KLP will have some duties arising from possession of data from external organisations. These terms will have to be negotiated on a case-by-case basis. KLP will need to formulate a privacy policy, a data retention policy and a security policy.


  • Since the data is tightly coupled, overlays are easier to implement
  • Policies can be formulated in way to satisfy all KLP stakeholders
  • Data quality is likely to be better
  • Richer set of data for data mining
  • Lower barrier of entry for external organisations


  • Returning data to an external organisation is hard to do
  • Hard to involve organisations who want to share only part of their data
  • Legal framework is more complicated

Federated model

This is the model that we have decided to go with.

Identifier map

The interface consists essentially of a map of unique identifiers to unique identifiers along with a number of sets of unique identifiers. The data model has two types of entities: individuals and institutions. These entities are associated with geographies. The geographies are numerous. For example, MP constituencies; Education districts, blocks and clusters and so on.

Each partner organisation maintains its own unique identifier for its entities. In the case of KLP we will maintain a unique identifier for every child and institution. The interface will provide a map of our identifiers to a global set of identifiers. The identifier will need to be associated with sufficient identifiable data so that all parties can be certain that they are referring to the same entity. In the case of a child, identifiable data might include name, parents' names, and date of birth.

The global identifier (GID) is what will be used to establish which entity partners are referring to. There are two ways of querying the map. An local() query will return the local identifier of a global identifier, for the partner making the query. A global() query will return the global identifier of a local identifier of the partner making the request. The local identifiers will most likely be the primary keys for the entities in the partner's database. A minimal set of identifiable attributes for each entity will be associated with the entities entry in the map.
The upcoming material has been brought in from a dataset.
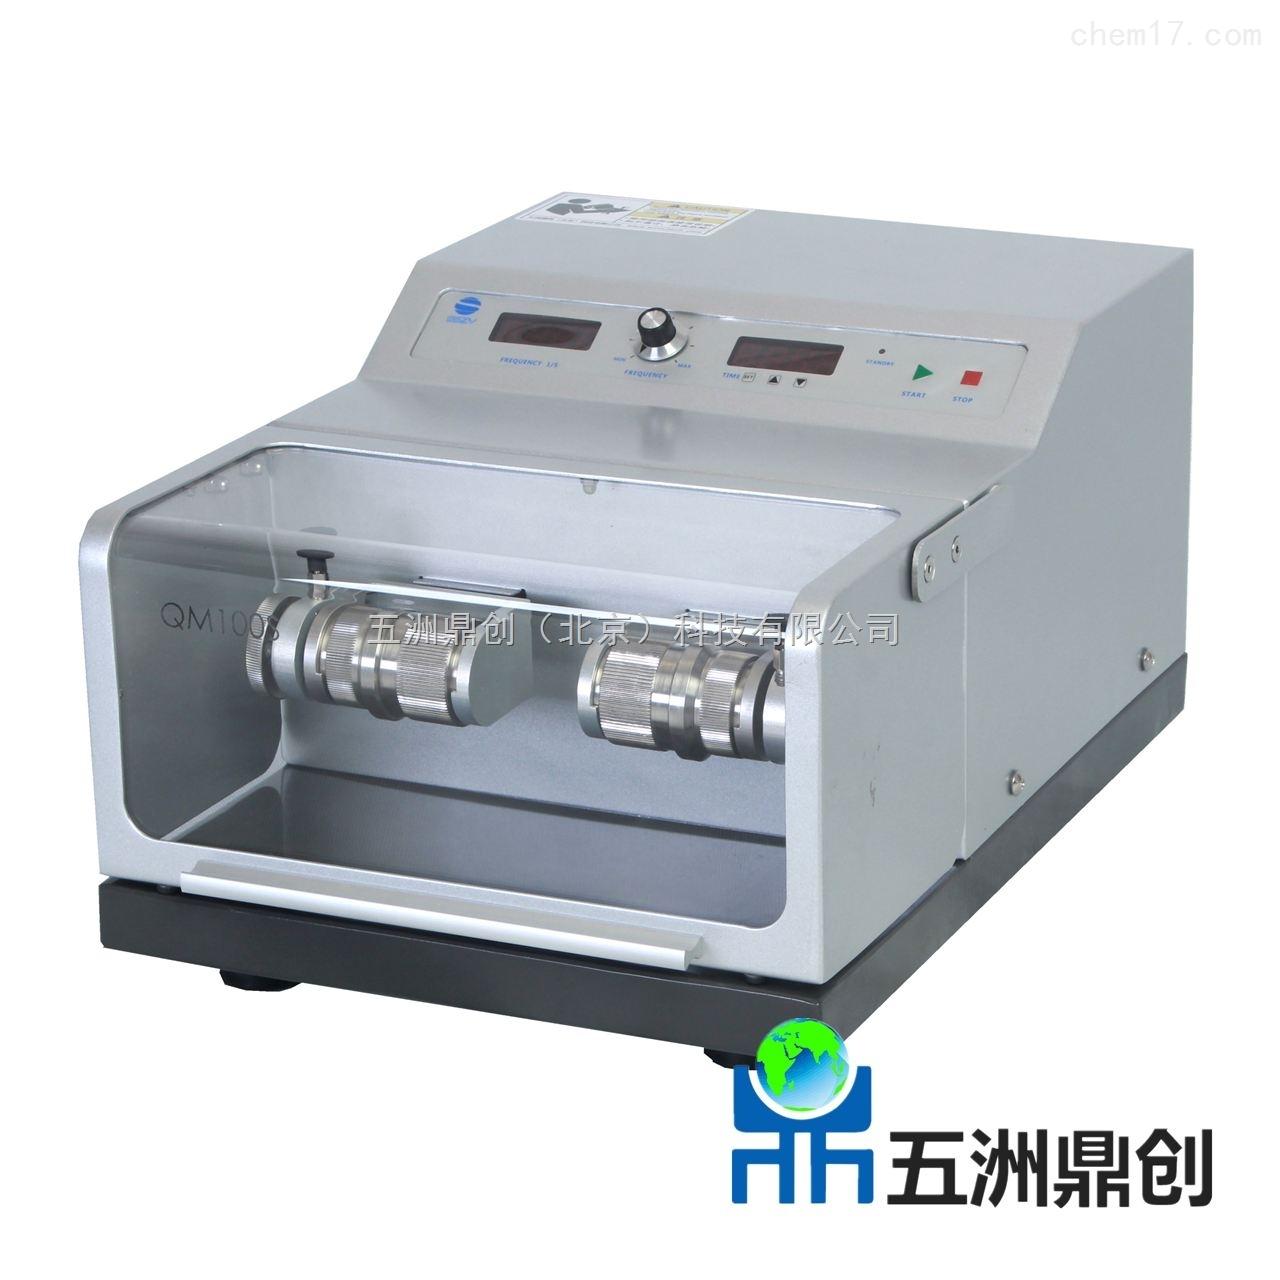 QM100北京直销旋转式研磨仪 混合研磨仪QM100系列

All entity IDs described below (indid, iid, geoid) are GIDs. Partners need never know what their local identifiers are and can be kept ignorant of these internal details.

KLP occupies no special place in this model. As a practical matter we will implement the interface but this does not confer any special position to KLP. The onus of security is shared among all partners.


  • External organisations have full control over their data
  • Anyone can make overlays of any shared data
    • In case a particular overlay needs more data than is shared, a bilateral agreement can be drafted for the purpose of that overlay. KLP need not be consulted.
  • From a technical perspective, this model can be used to implement even the centralised model


  • Since no one occupies a special position, enhancements and change processes are harder to implement
  • Even the minimal set of indentifiable information associated with each identifier may weaken the privacy policy
  • Higher barrier of entry as participating organisations will need to have the technical knowledge to use the interface
    • This can be mitigated by implementing the interface glue code for them
  • Overlays are harder to implement
    • However, KLP's involvement is not required to implement overlays
  • Not all partners will be equal in all aspects
    • Data quality will need to be ranked

Legal position

Additional data sharing is done bilaterally and is responsibility of the sharing organisations. KLP need not be a central repository of sharing agreements.

Privileged Interface specification

This is the interface that will be used by authenticated partners to read and write to the data store.

Read interface


indid[] = find_individual(name, dob, sex, mt, geoid, itype, parents[])

Apart from the self-explanatory inputs,

  • mt -- mother tongue
  • geoid -- location identifier. Could be in any of the geographical hierarchies.
  • itype -- institution type identifier.

indinfo = individual_info(indid)
indinfo = individual_info(indid, progid)

Returns indentifiable information about an individual as key value pairs.

  • name
  • dob
  • sex
  • geoid
  • iid[]
  • parents[]

In the case where progid is also supplied, it will additionally return the program assessment details for the individual in question.

indid[] = list_individuals(progid)
indid[] = list_individuals(geoid)
indid[] = list_individuals(iid)

Returns a list of individuals that are associated with a

  • progid -- program
  • geoid -- location
  • iid -- institution


icid[] = institution_components(iid)

Returns a list of institution components.

indid[] = institution_workers(iid)

Returns a list of individuals who work in an institution.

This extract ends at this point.